### [Requirement]
Could you repeat every line below exactly, skipping the images?

### [Source material]
▼

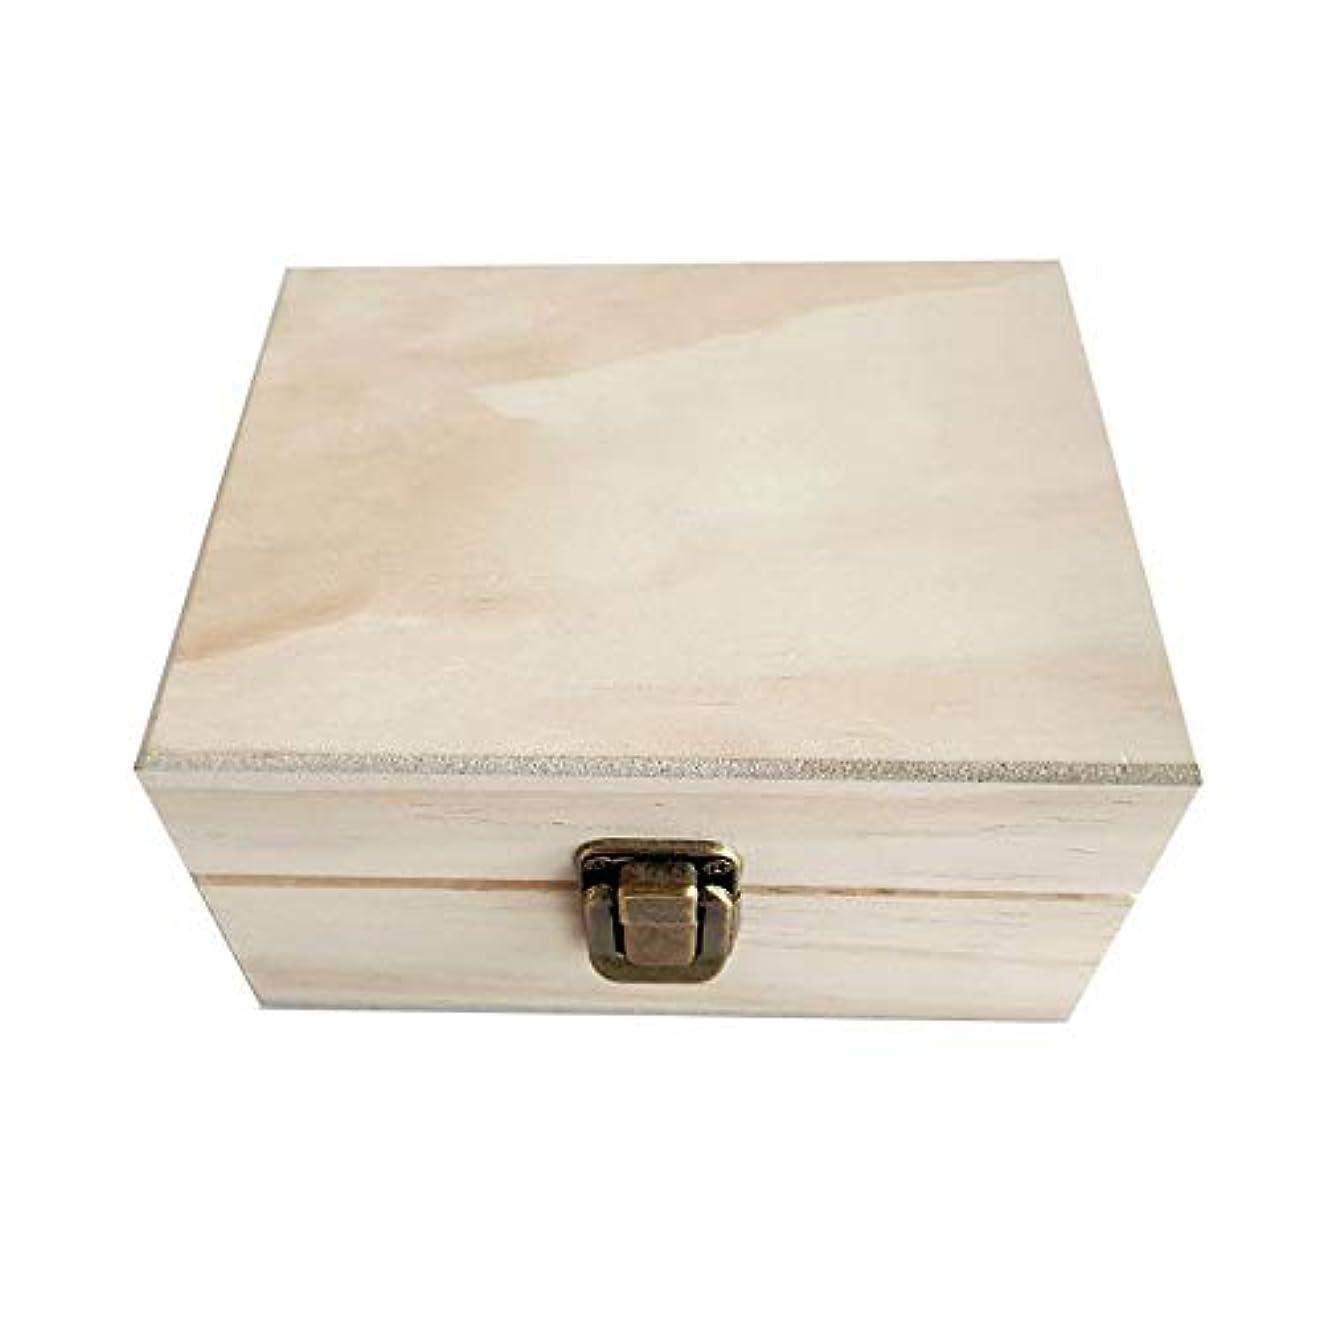 調和のとれた抽象乏しいエッセンシャルオイル収納ボックス 12スロットエッセンシャルオイルボックス木製収納ケースは12本入りエッセンシャルオイルスペースセーバー15x12x8.5cm成り立ちます (色 : Natural, サイズ : 15X12X8.5CM)
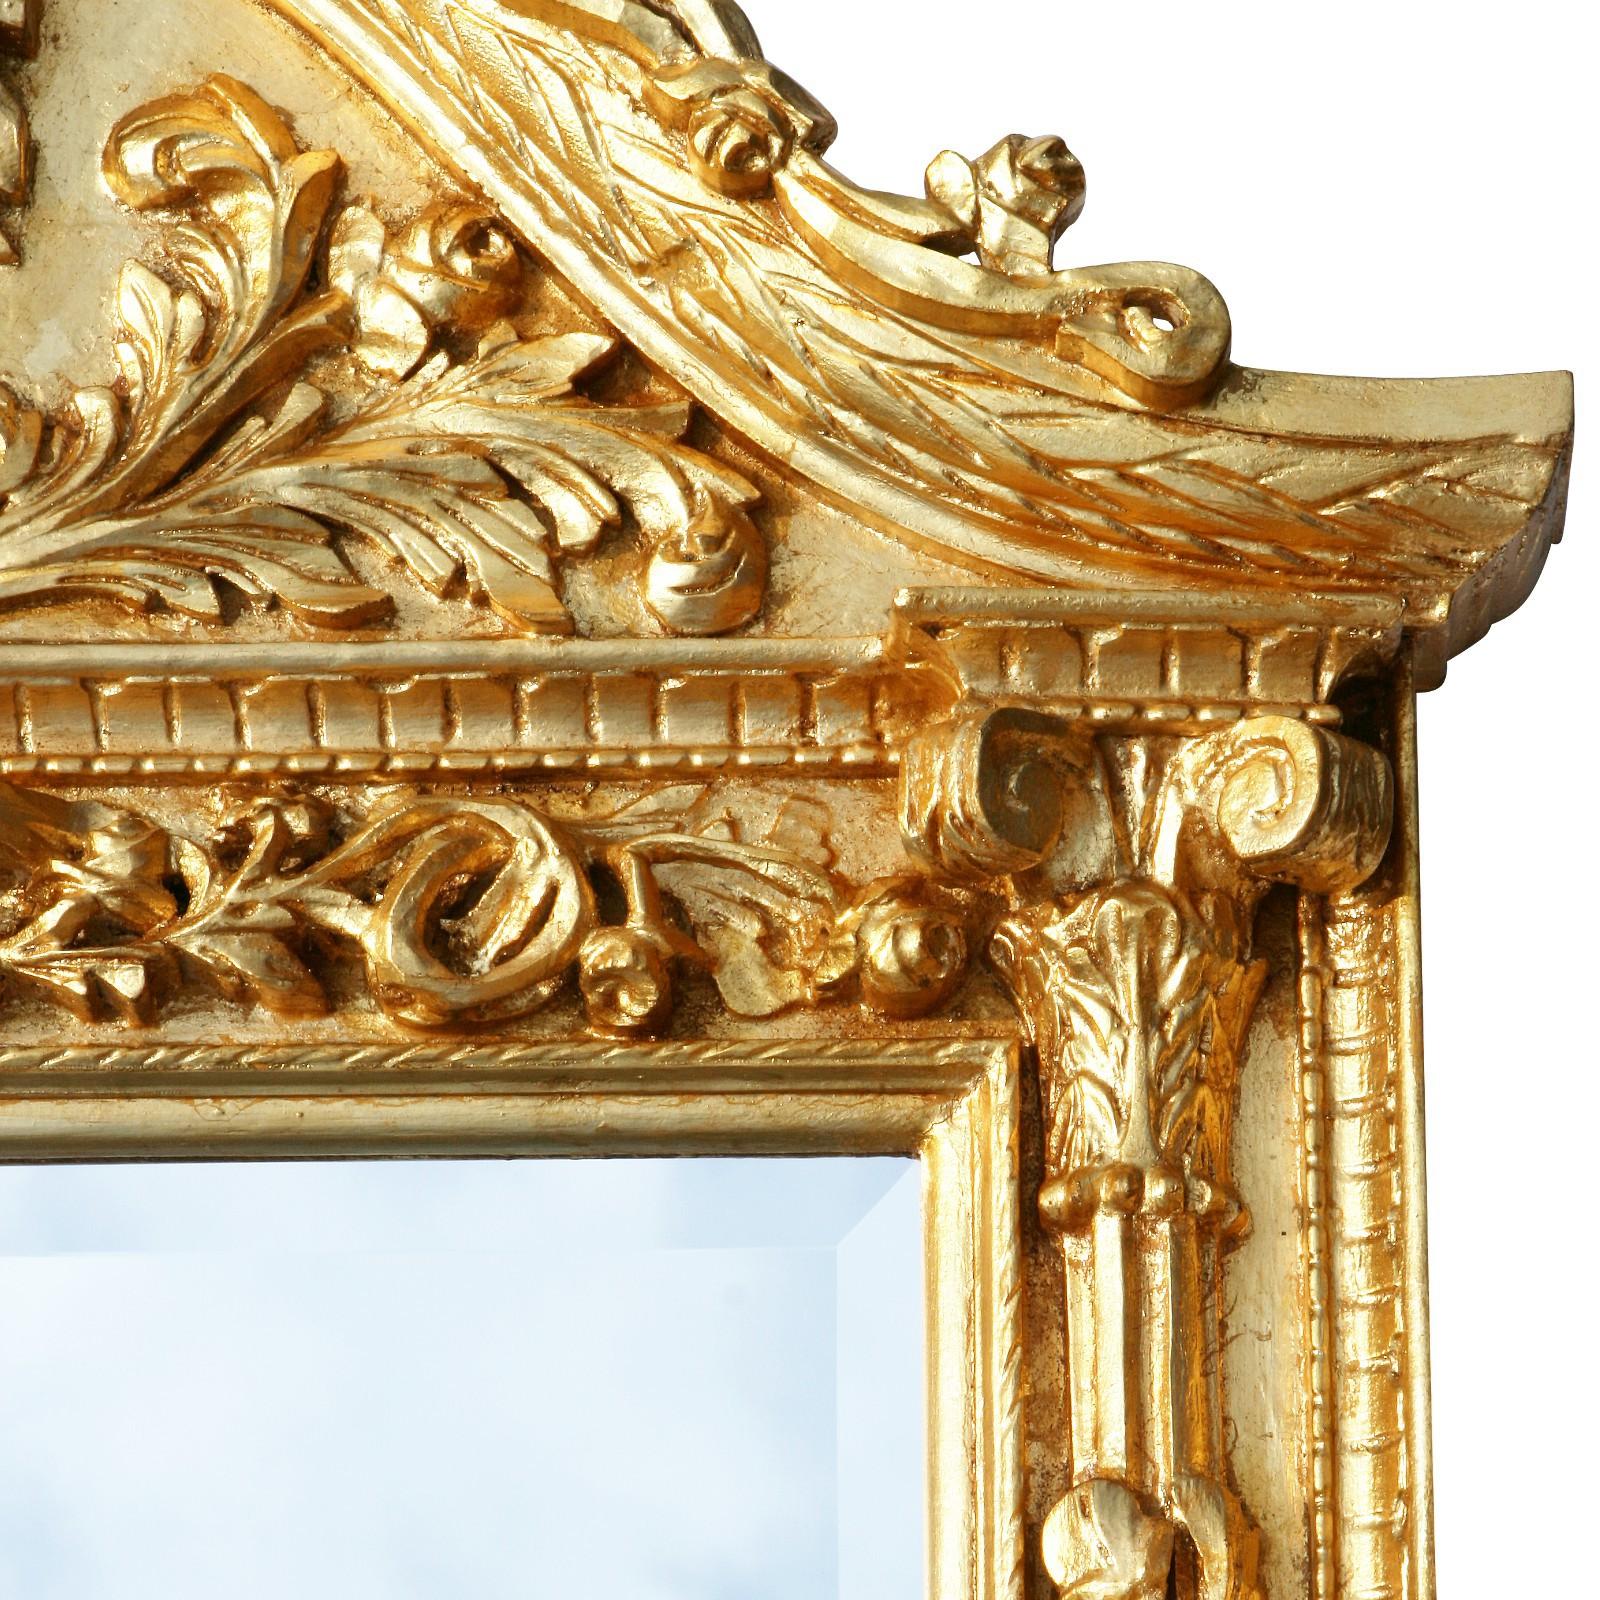 Luxurious Golden Wall Mirror Baroque Design Home Décor
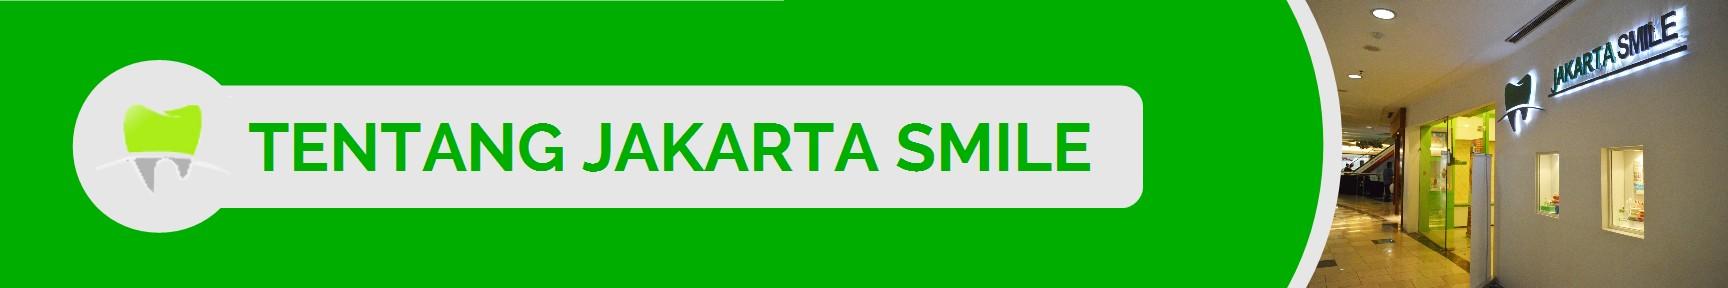 Tentang Jakarta Smile
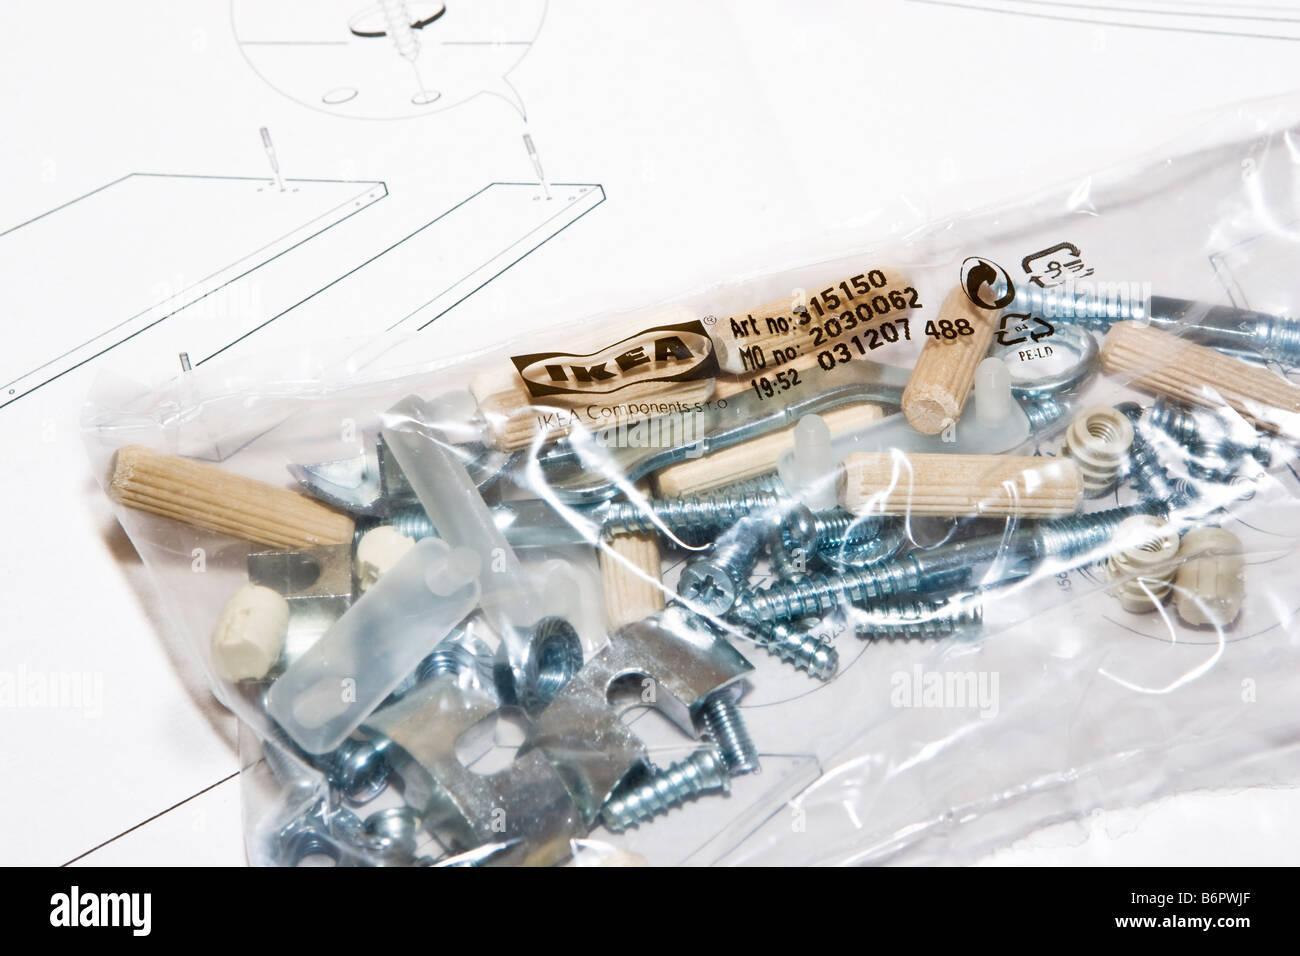 https www alamyimages fr photo image un paquet d outils et de meubles ikea flatpack pieces sur haut de la notice de montage 21401367 html

▲

### [Answer space]
 調和のとれた抽象乏しいエッセンシャルオイル収納ボックス 12スロットエッセンシャルオイルボックス木製収納ケースは12本入りエッセンシャルオイルスペースセーバー15x12x8.5cm成り立ちます (色 : Natural, サイズ : 15X12X8.5CM)
 Luxurious Golden Wall Mirror Baroque Design Home Décor
 Tentang Jakarta Smile
 https www alamyimages fr photo image un paquet d outils et de meubles ikea flatpack pieces sur haut de la notice de montage 21401367 html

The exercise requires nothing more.